Exercise description: Only the lines from the one holding "1280x1024 Wallpaper vincent" to the end of the data should be echoed, exactly as they appear, minus the pictures.

====== Input data

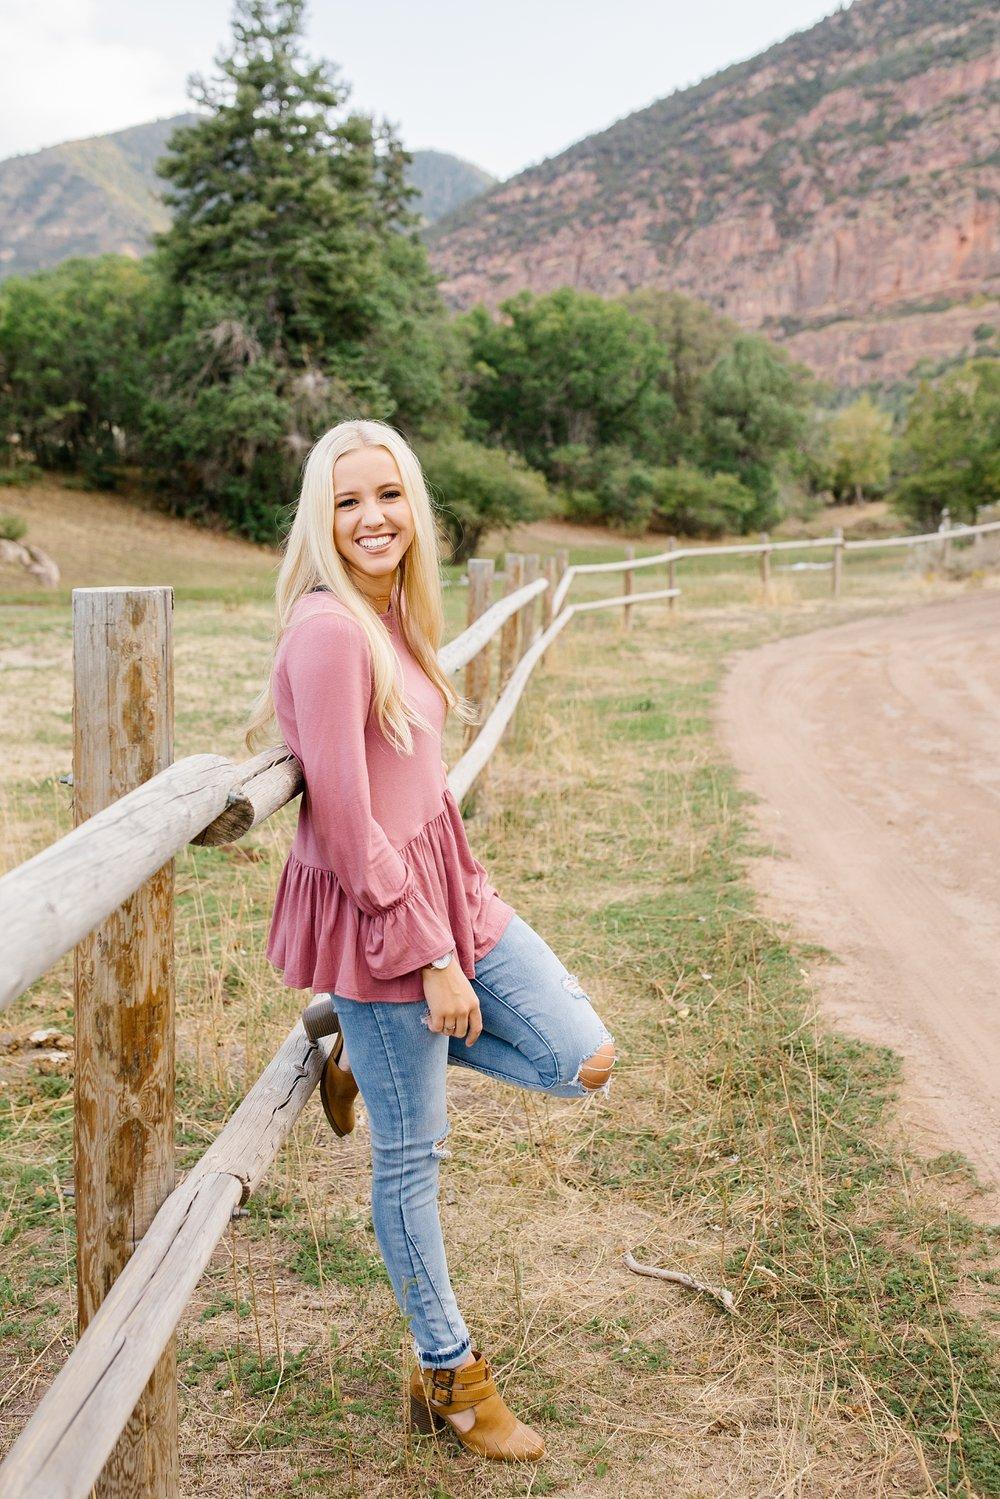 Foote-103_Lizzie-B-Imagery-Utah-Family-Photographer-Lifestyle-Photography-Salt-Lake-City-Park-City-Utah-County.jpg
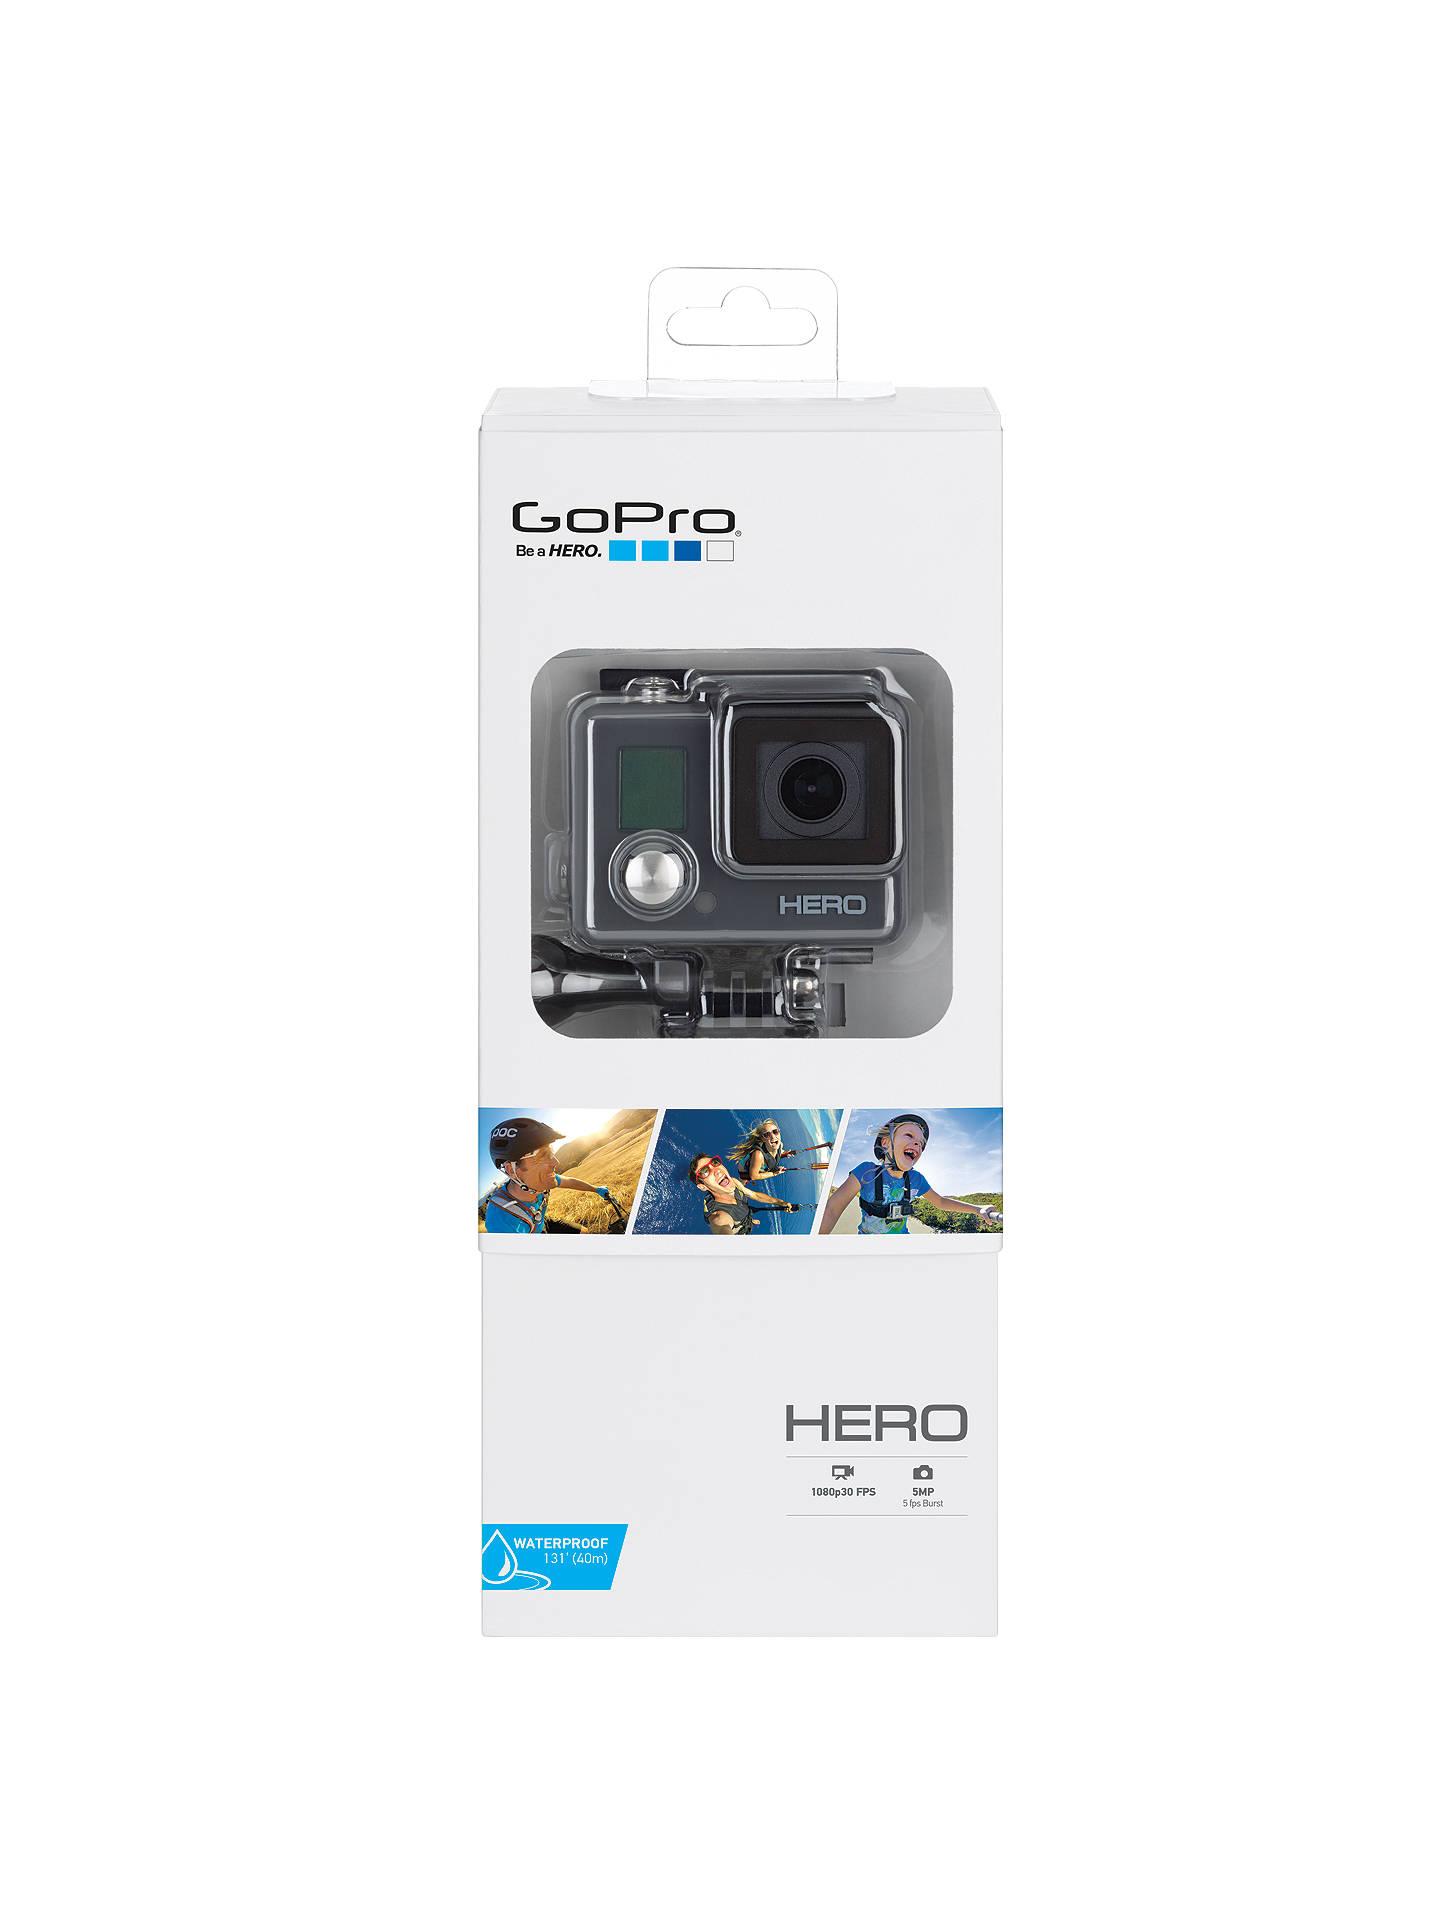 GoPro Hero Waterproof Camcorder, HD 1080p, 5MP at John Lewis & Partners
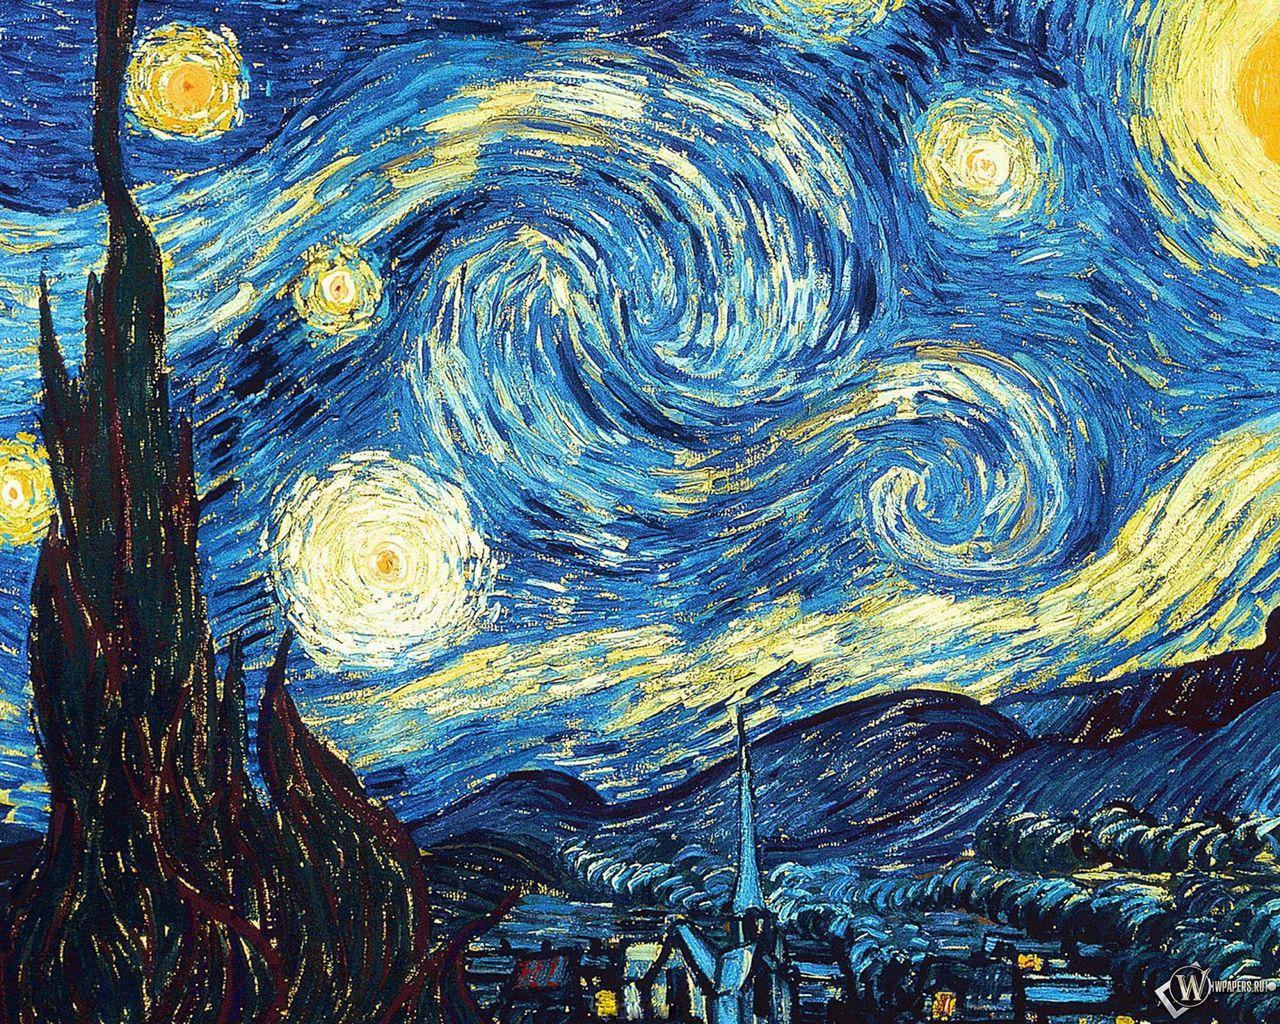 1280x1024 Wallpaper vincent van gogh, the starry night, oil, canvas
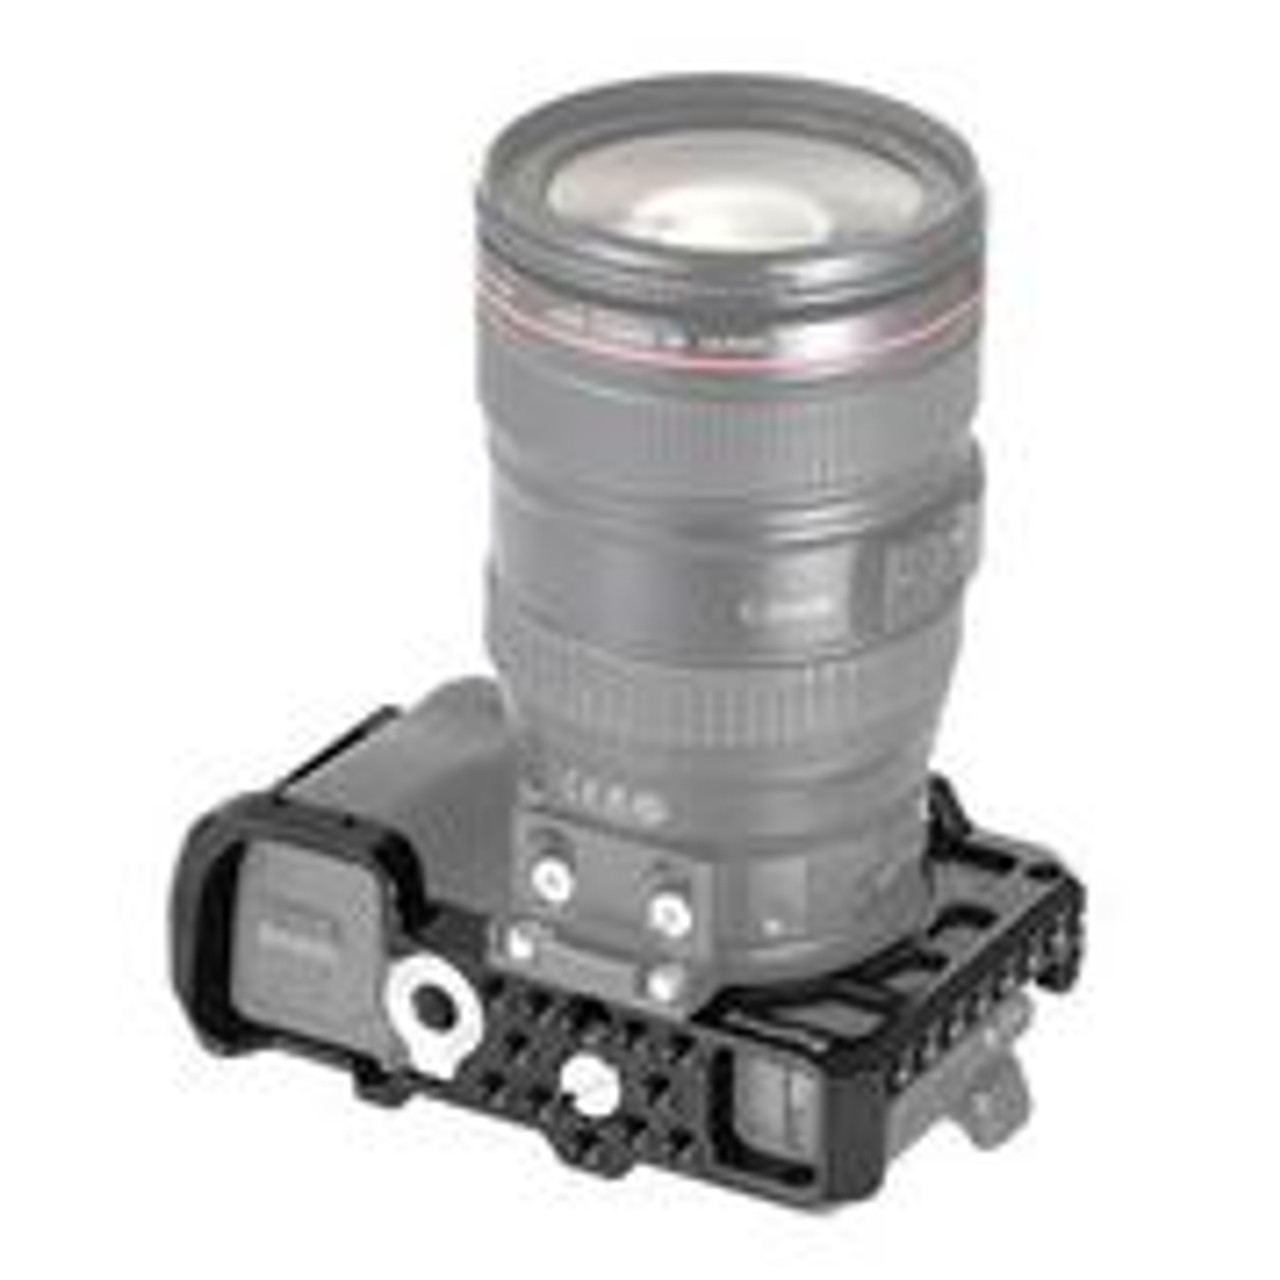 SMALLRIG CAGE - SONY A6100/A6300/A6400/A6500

============

Solution:
 1280x1024 Wallpaper vincent van gogh, the starry night, oil, canvas
 SMALLRIG CAGE - SONY A6100/A6300/A6400/A6500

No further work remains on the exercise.